# [Exercise details]
All of the data should be given again word for word, though the images are to be left out.

# [Data shown]
..........
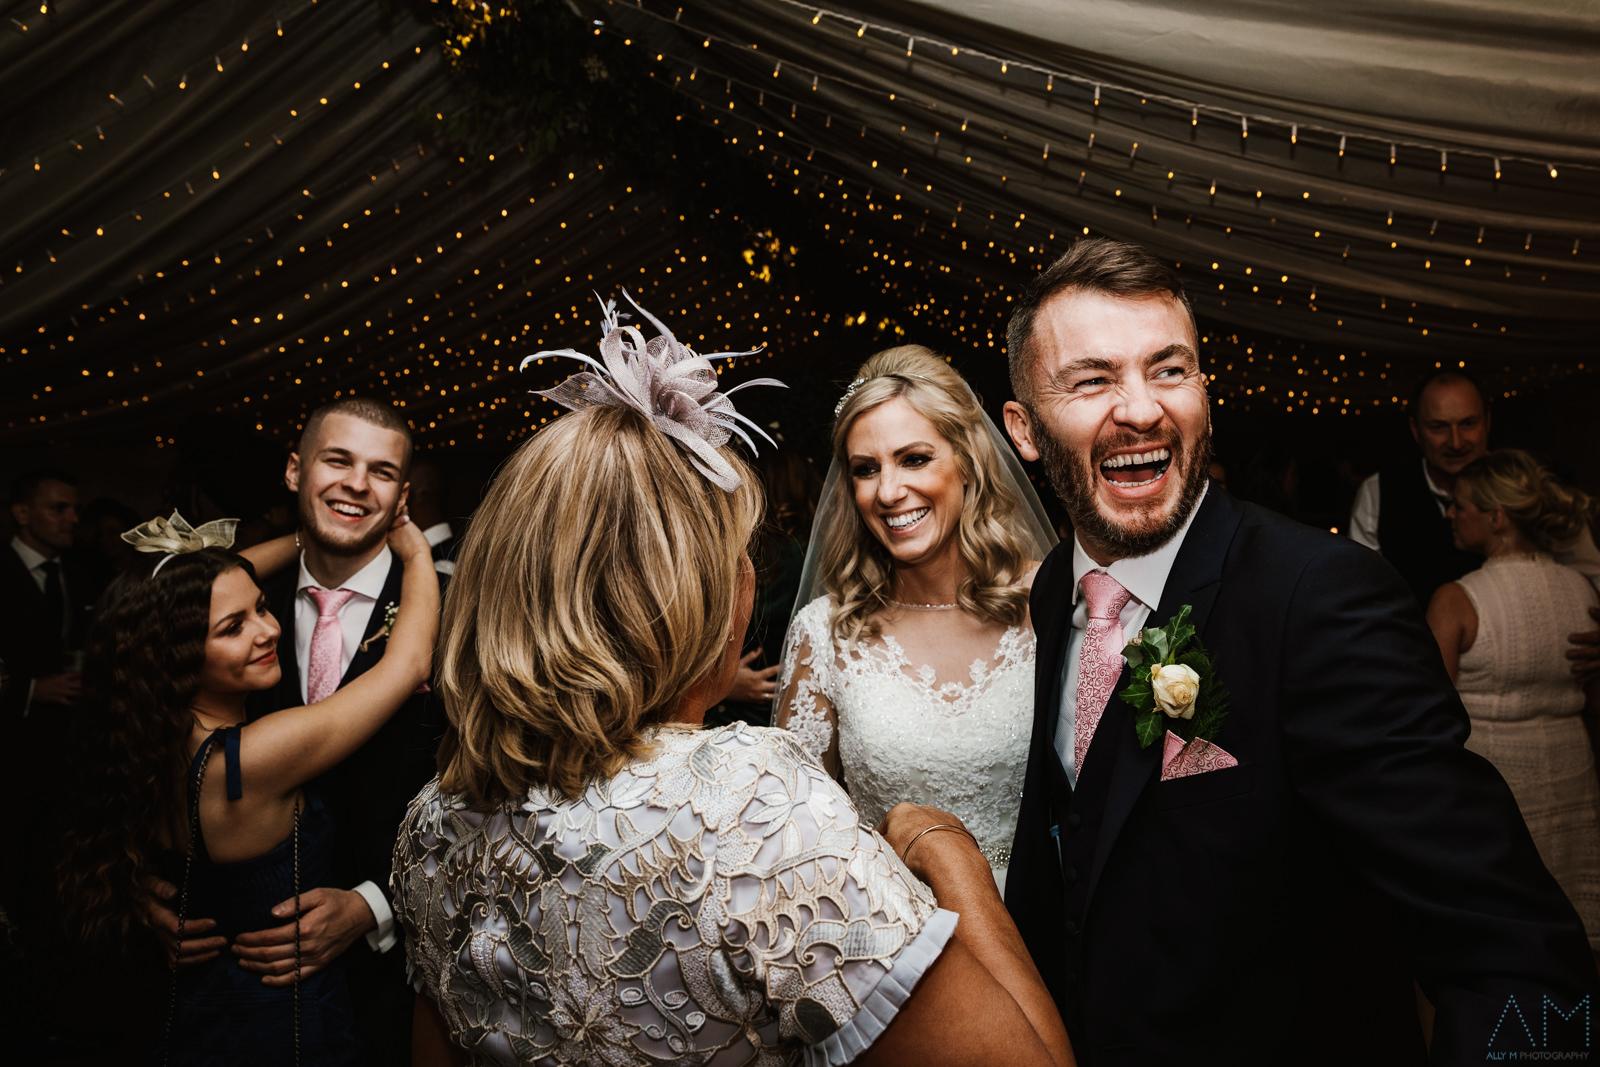 Inn at whitewell wedding fun
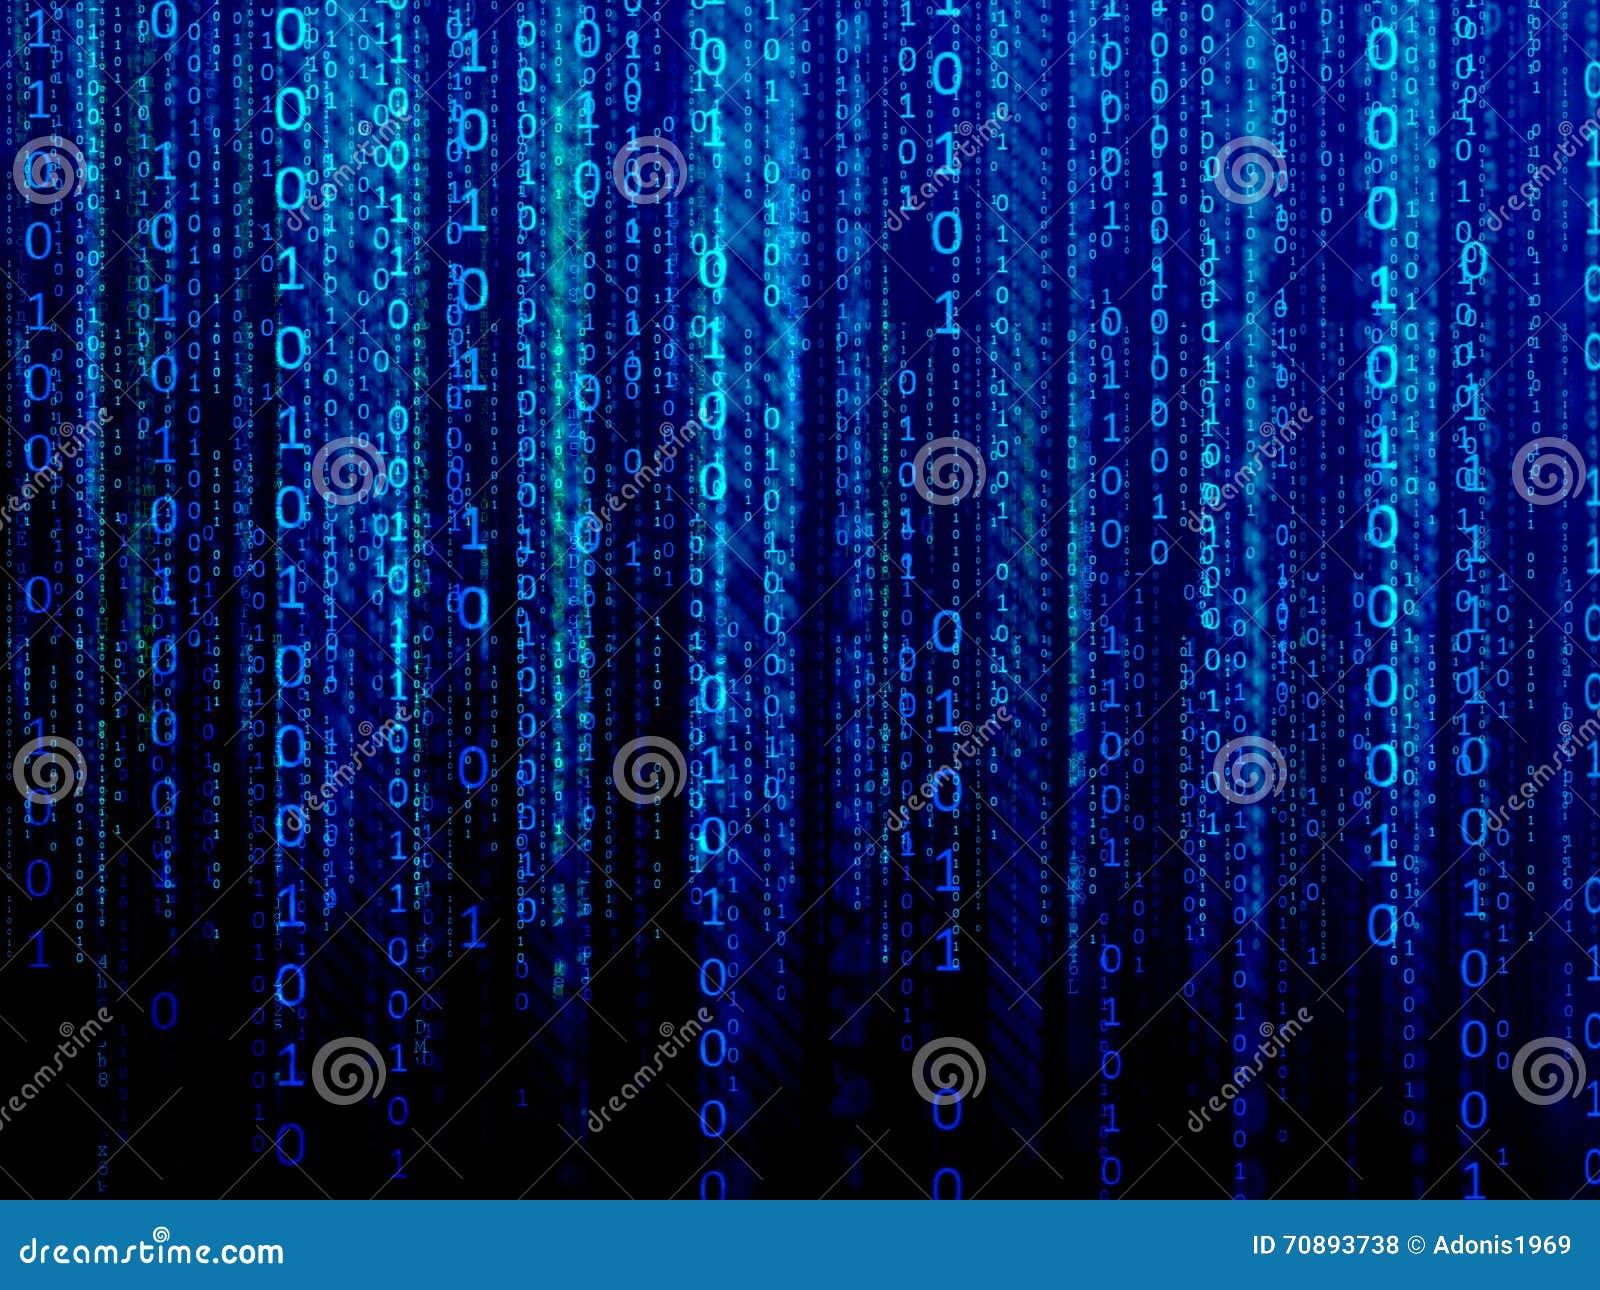 Blue Digital Data Stream Stock Illustration - Image: 70893738
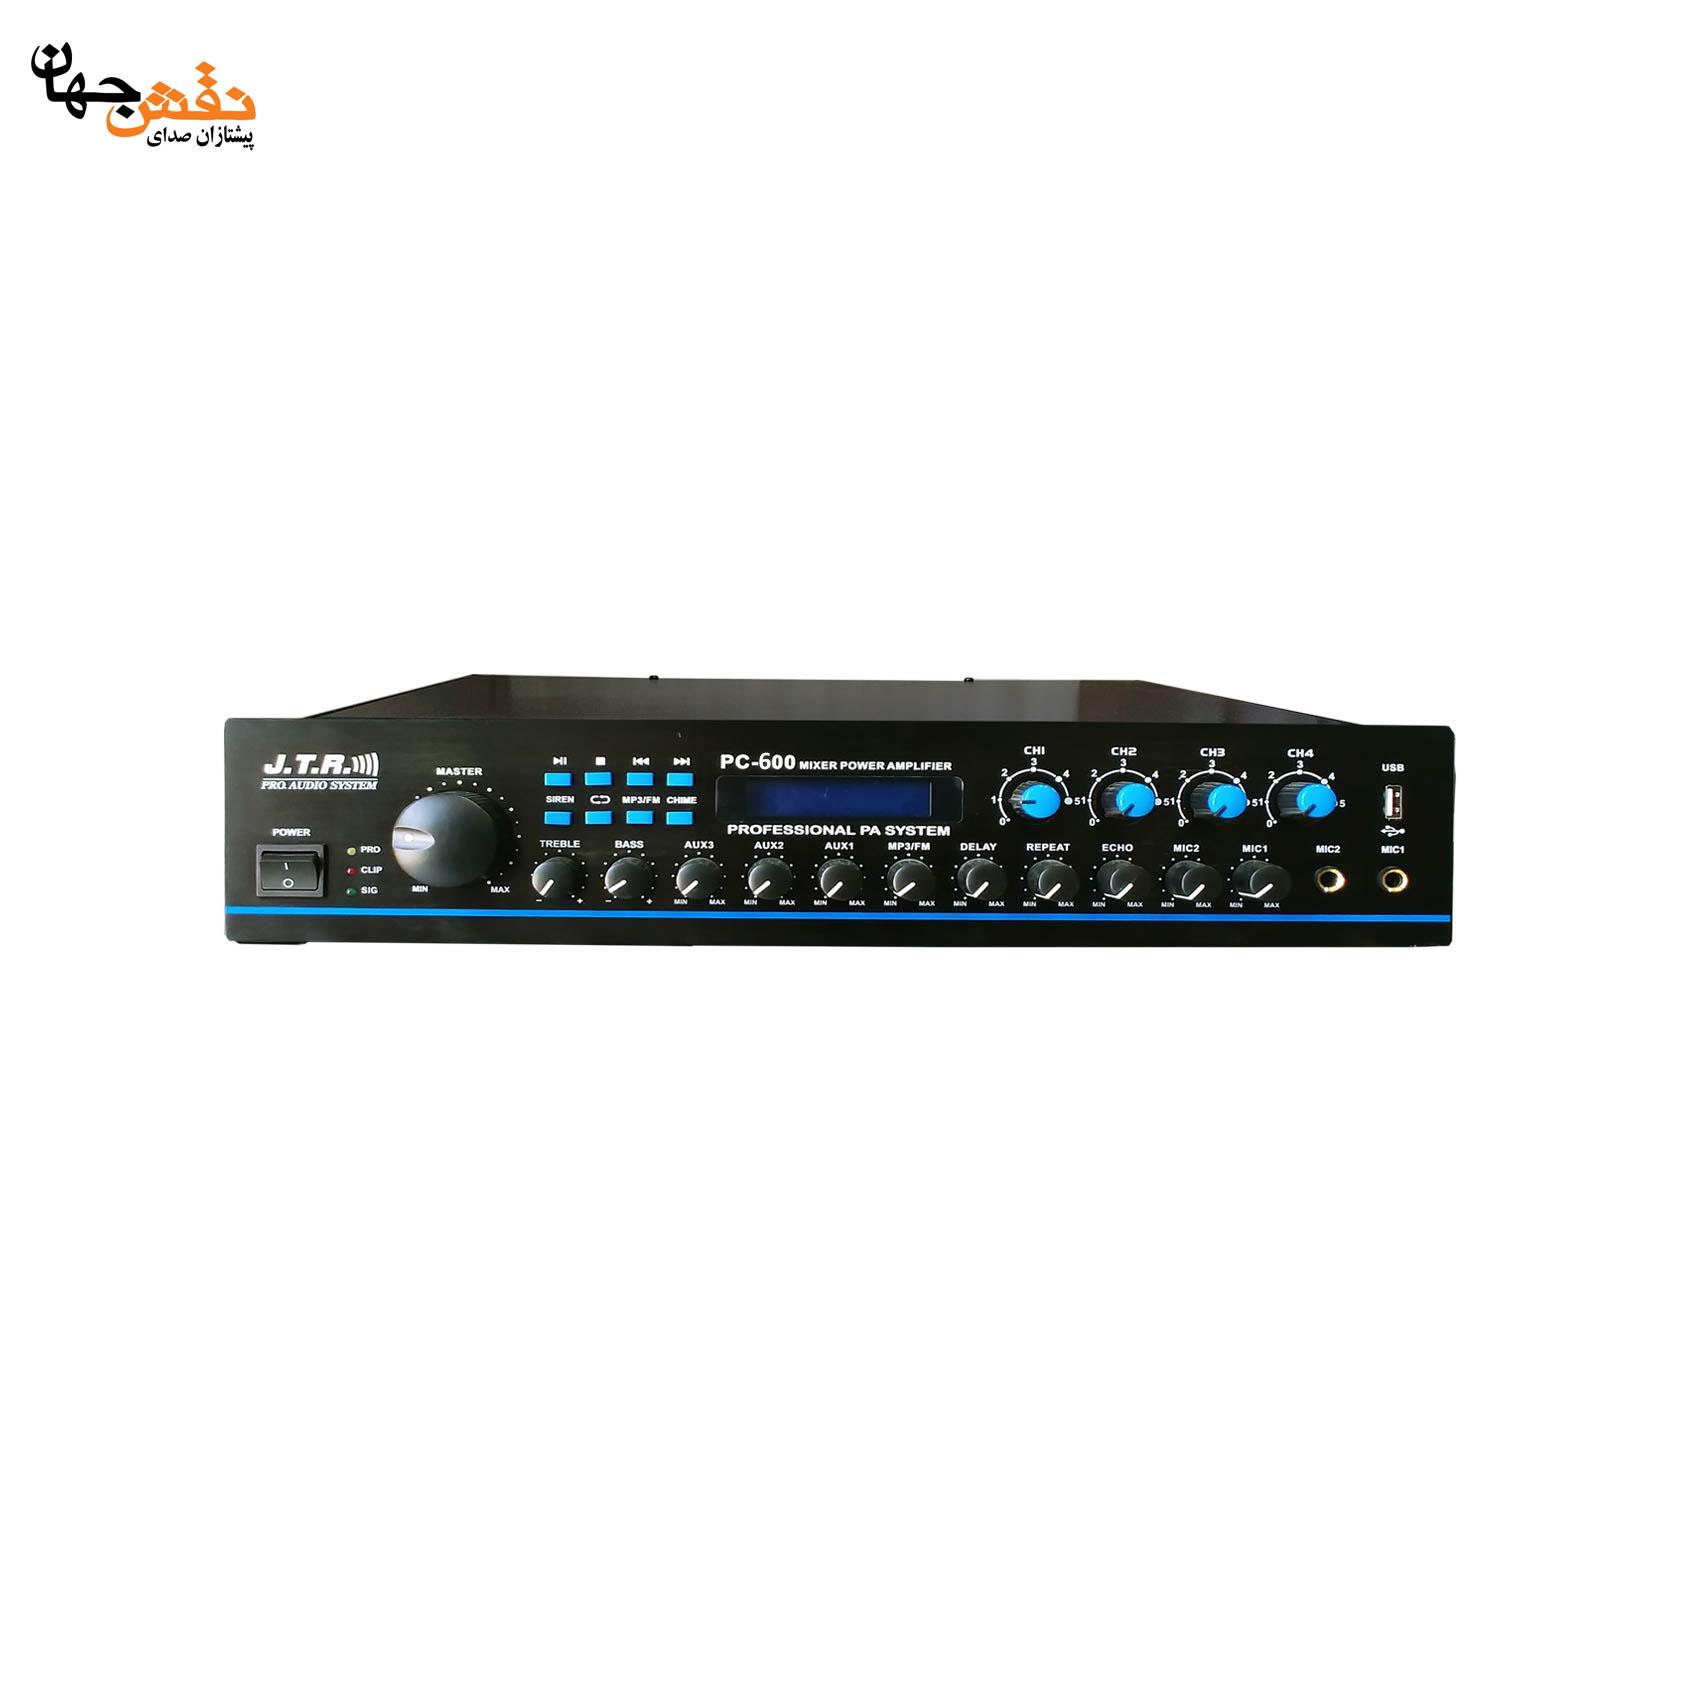 اکو آمپلی فایر جی تی ار مدل PC600 | JTR PC600 Public Address Amplifier
..........
# [Solution to this problem]
 Inn at whitewell wedding fun
 Blue Digital Data Stream Stock Illustration - Image: 70893738
 اکو آمپلی فایر جی تی ار مدل PC600 | JTR PC600 Public Address Amplifier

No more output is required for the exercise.